Climate scientists routinely travel to distant and remote sites around the world to do their research: to mountaintops, to the deep ocean, and to the North and South Poles. Their research results often show up in peer-reviewed scientific journals not easily accessible to those outside their specialty fields … and certainly not in easily digestible doses the broad public can use.
A new website, climatescience.tv, launched in May, hopes to change that by giving viewers footage of climate scientists at work in the field, conducting their research in places far-removed from their homes and from the inquisitive eye of a reporter’s camera. Videos at the site offer behind-the-scenes footage of scientists retrieving deep-sea sediment cores, sampling greenhouse gases in the atmosphere, testing how acidic seawater affects urchin larvae, and more.

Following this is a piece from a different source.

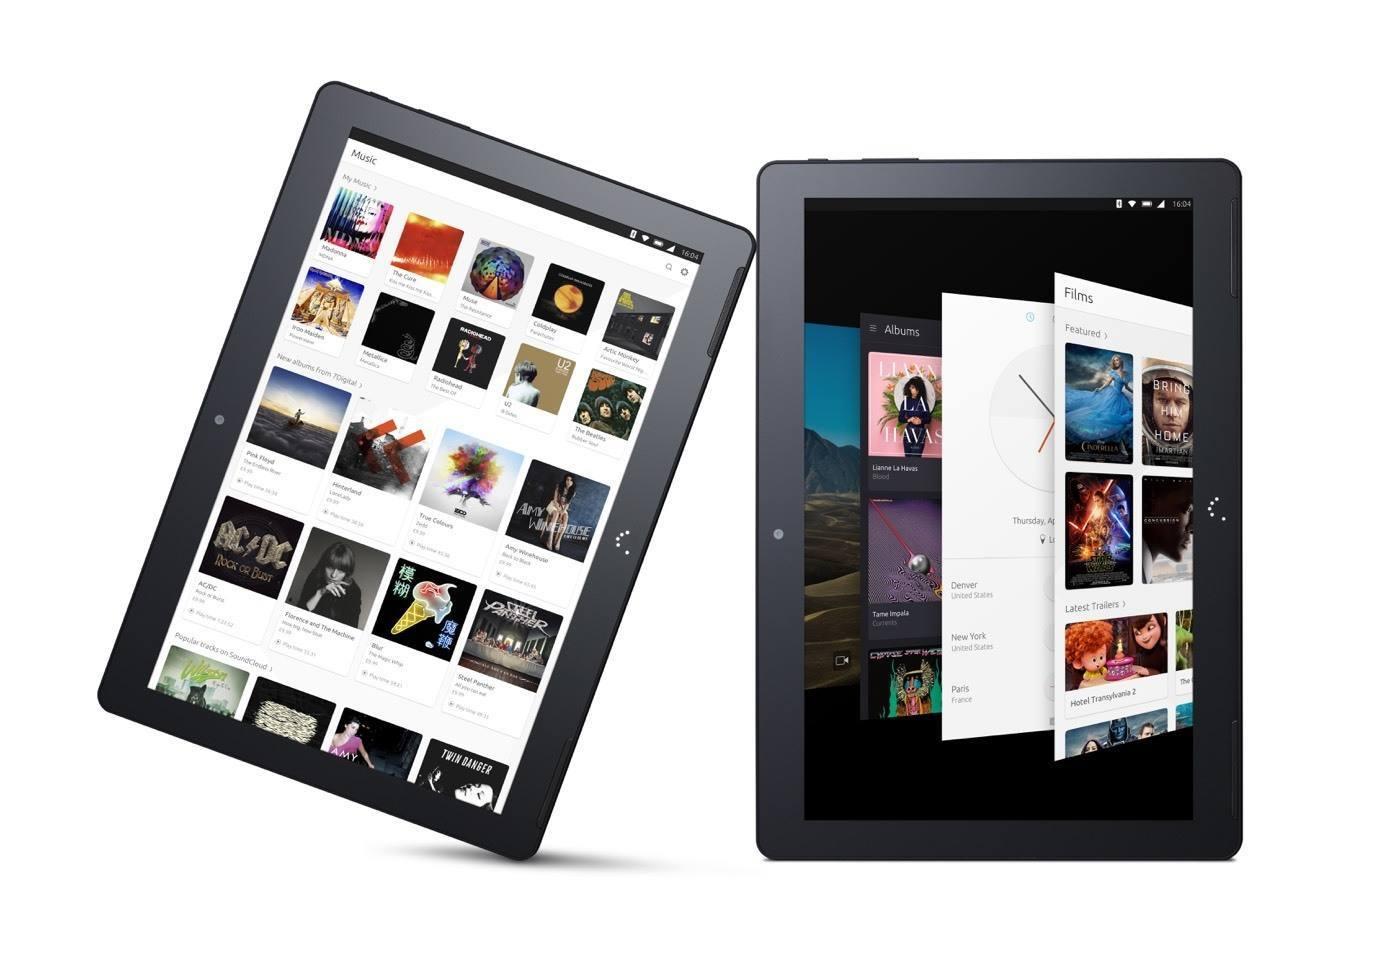 ubuntu-m10-tablet-040216-1

The project is also making rare historical footage widely available to the public. In May, for instance, the site posted a video of a 1980 speech by Scripps Institution of Oceanography’s Roger Revelle, provided to the project by Lawrence Livermore National Laboratory.
Project leader Joshua Wolfe, a photographer and filmmaker, is the co-author, with NASA climatologist Gavin Schmidt, of Climate Change: Picturing the Science. Wolfe is also a partner at a New York and Washington, D.C.-based communications firm called the PES Group, which is supporting climatescience.tv.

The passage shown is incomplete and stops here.